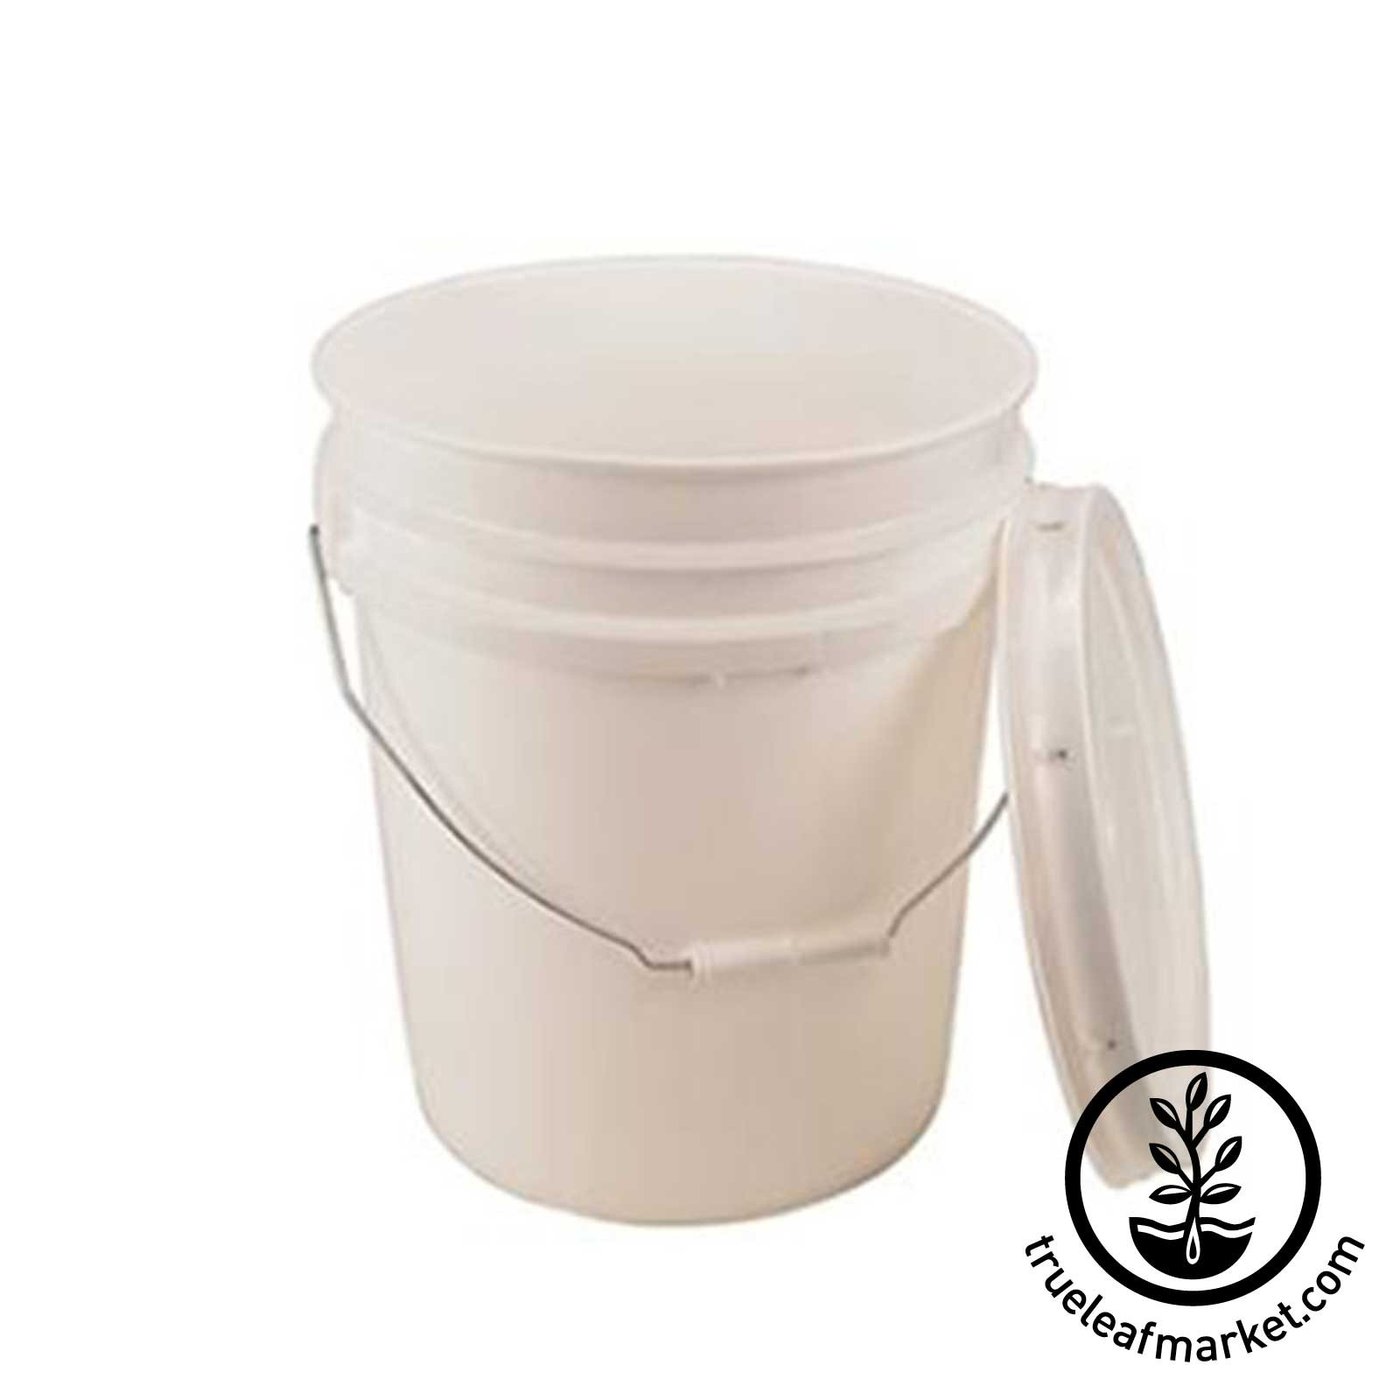 5 Gallon Food Grade Bucket | Storage Pail With Handle & Lid
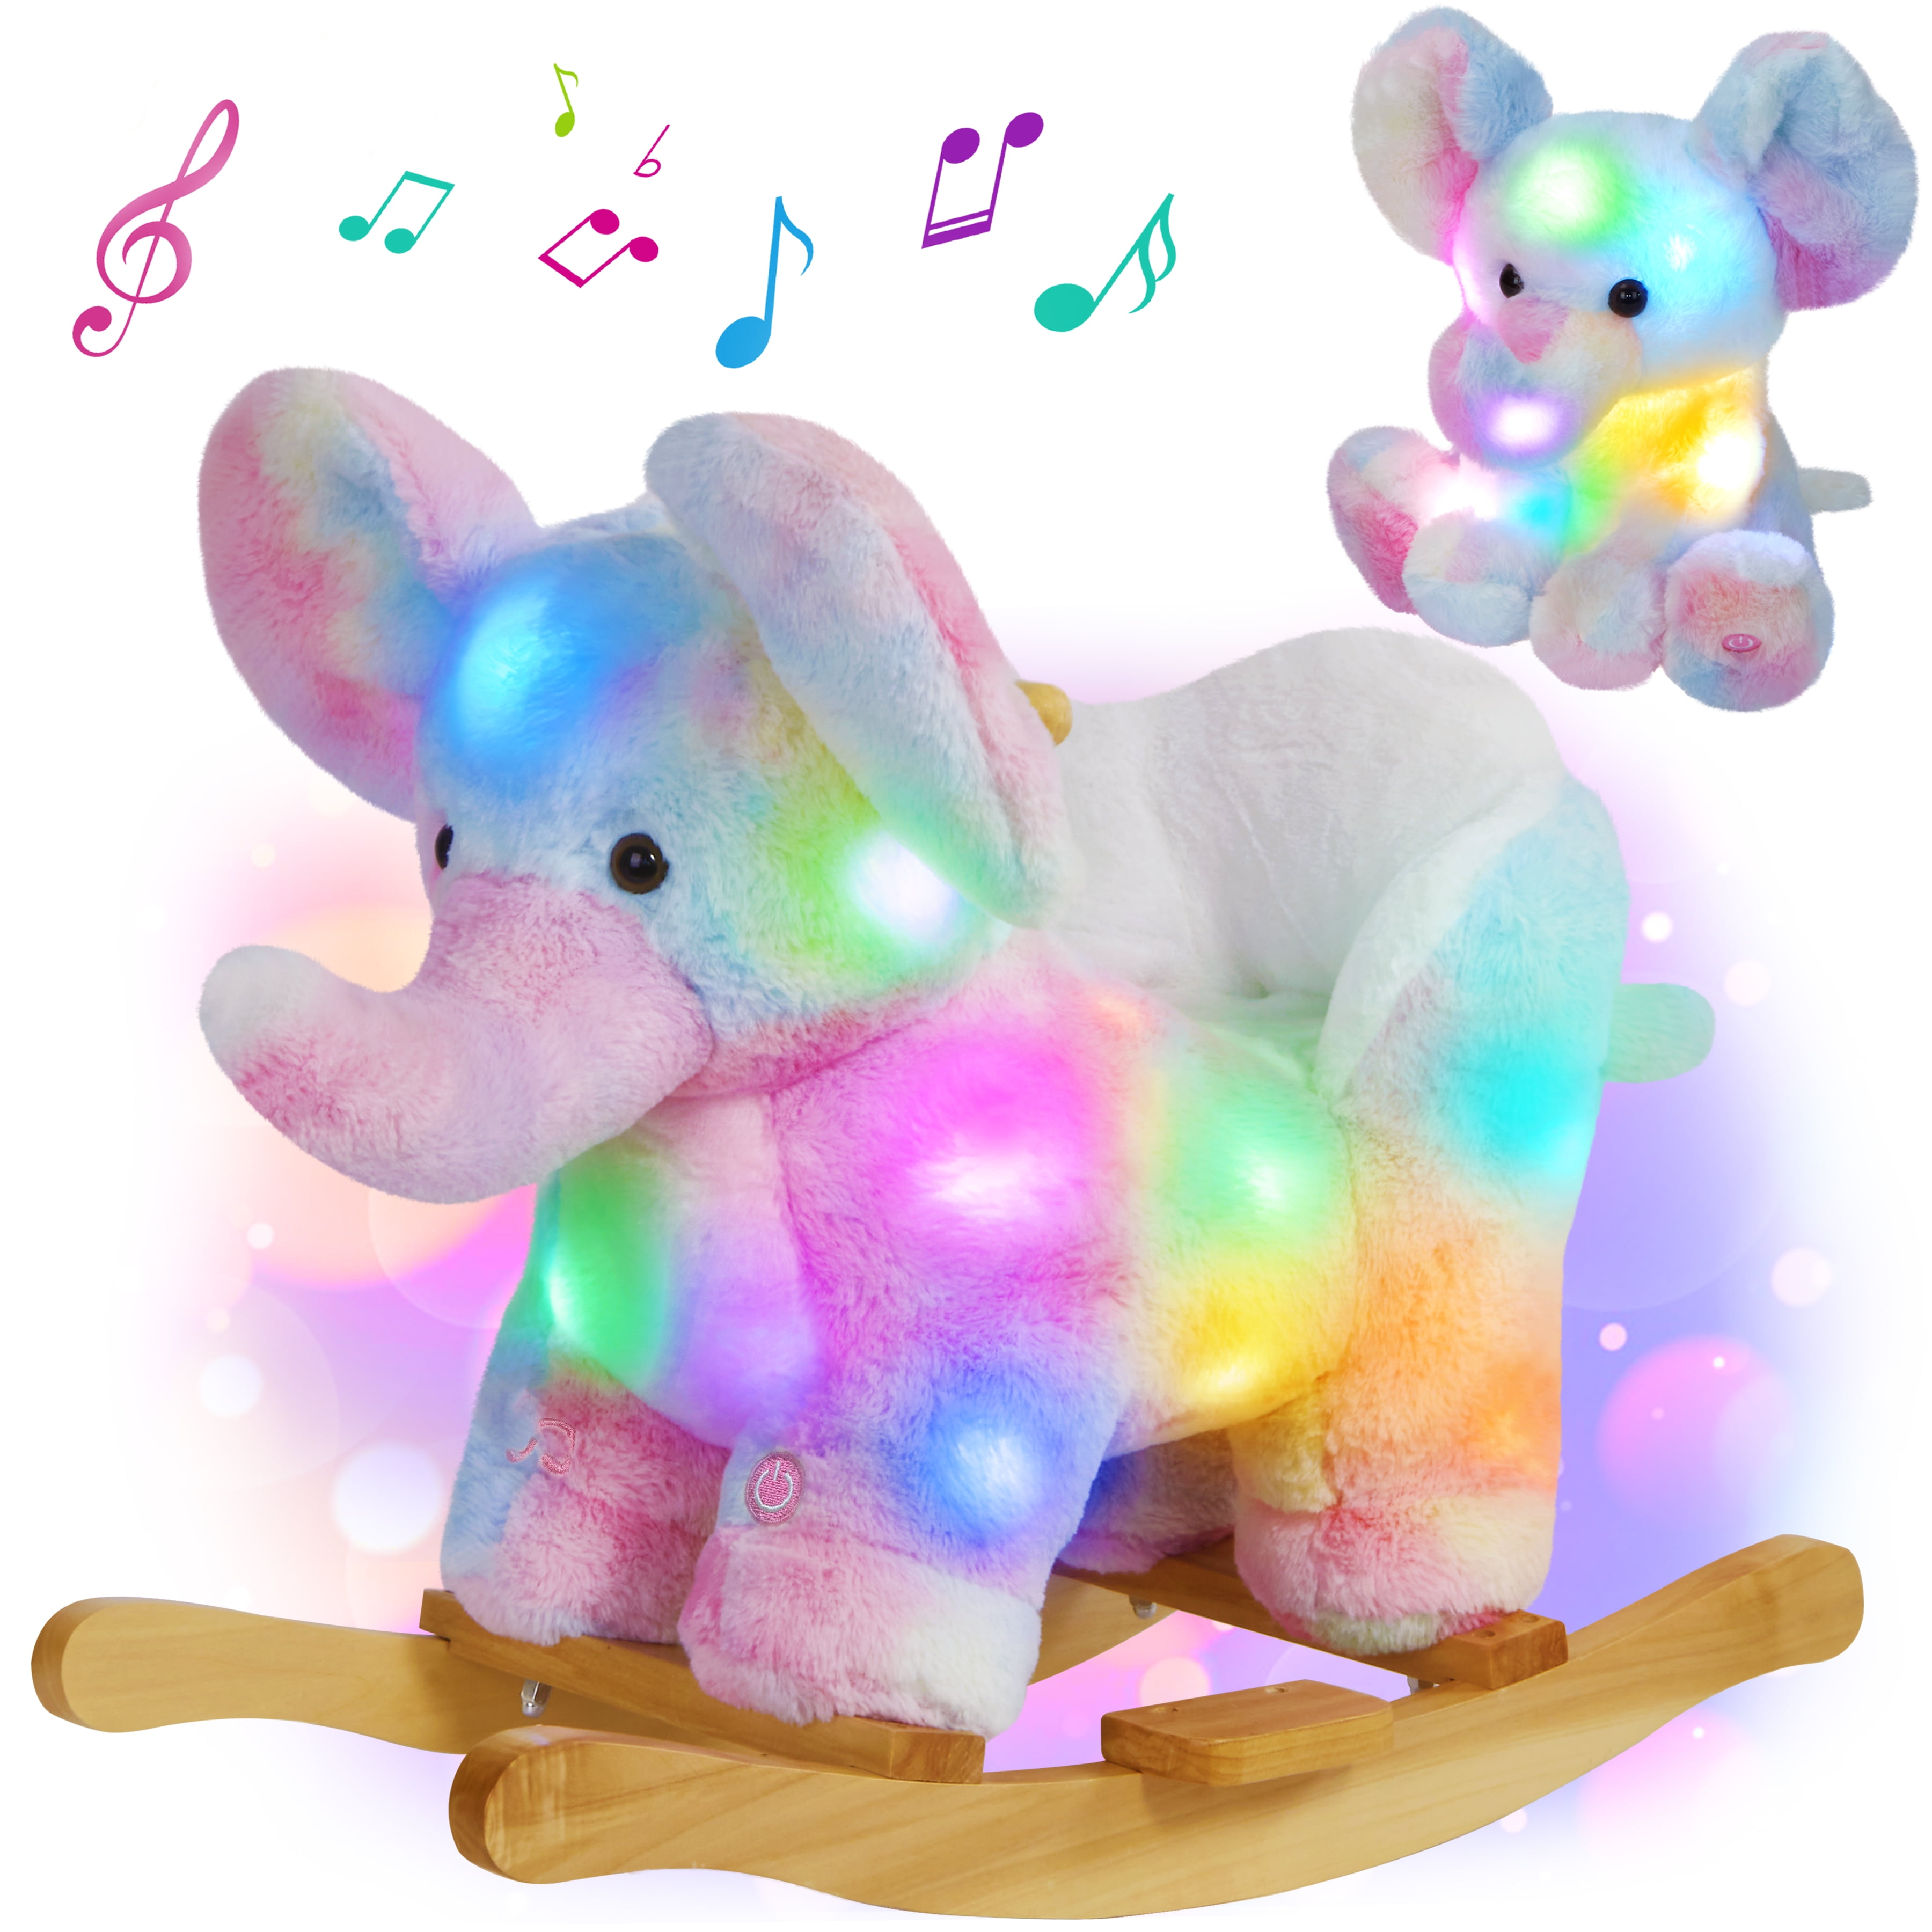 New Infant Soft Plush and Solid Wood Rocking Chair Elephant with Sound 
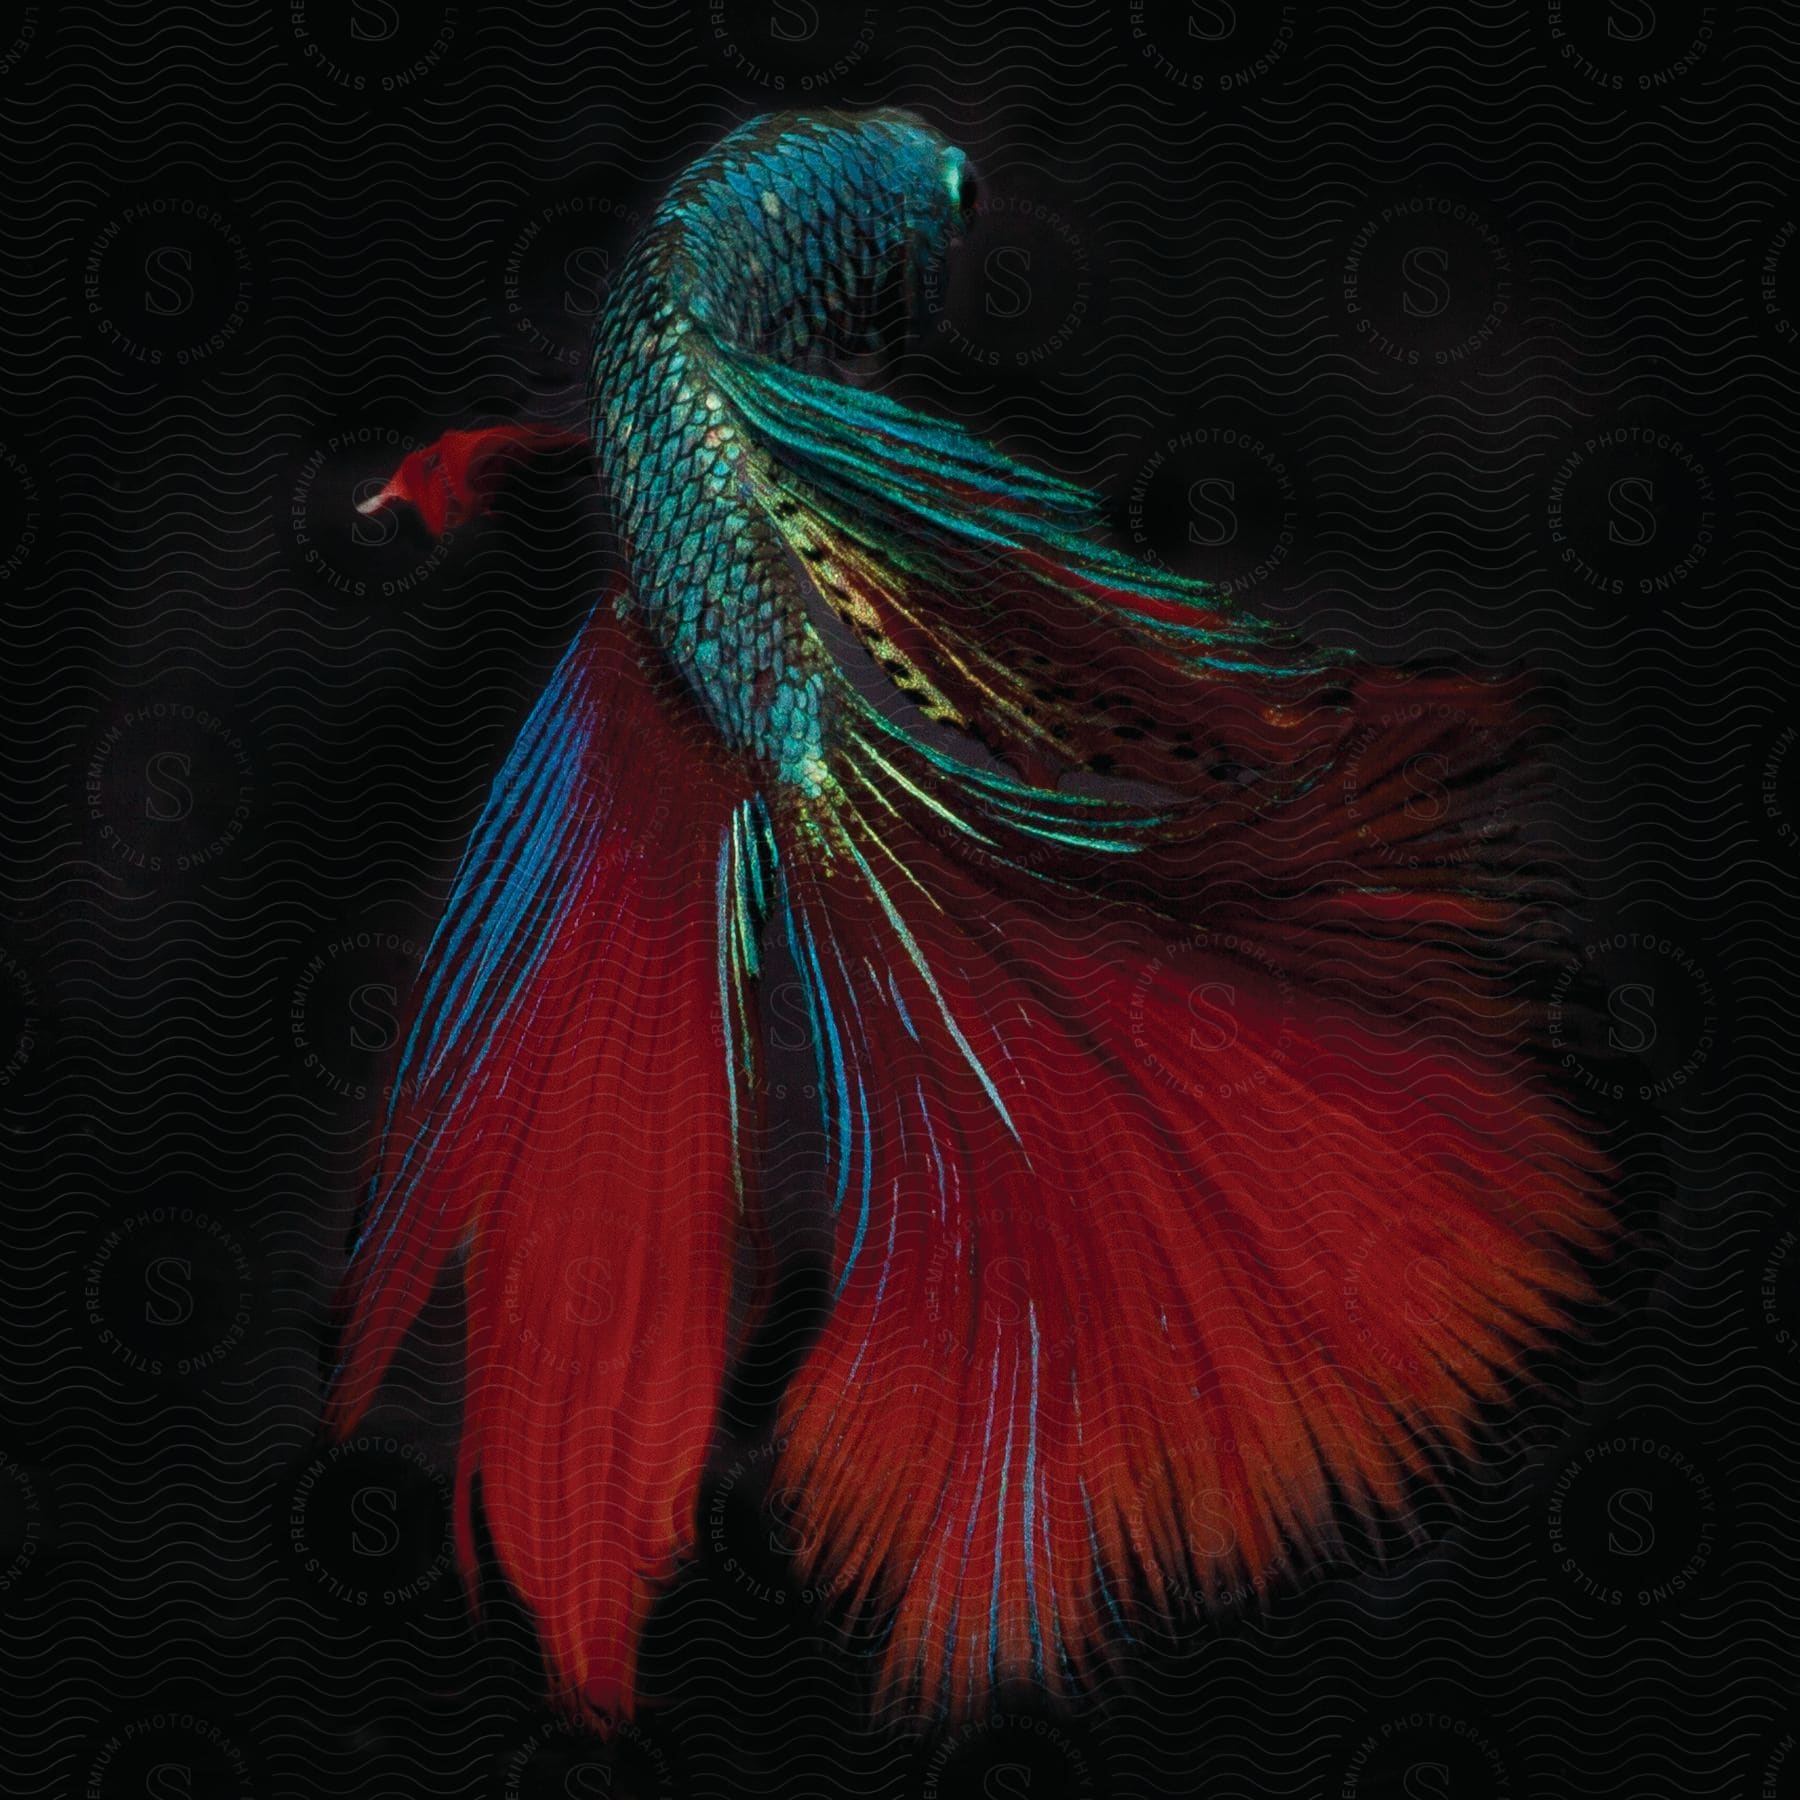 Stock photo of a realistic digital art of a fish with red fins
□ □ □ □
- [What you should do]: A verbatim copy of the data, with all pictures omitted, is the required output.

- [Task output]:
 5 Gallon Food Grade Bucket | Storage Pail With Handle & Lid
 New Infant Soft Plush and Solid Wood Rocking Chair Elephant with Sound 
 Stock photo of a realistic digital art of a fish with red fins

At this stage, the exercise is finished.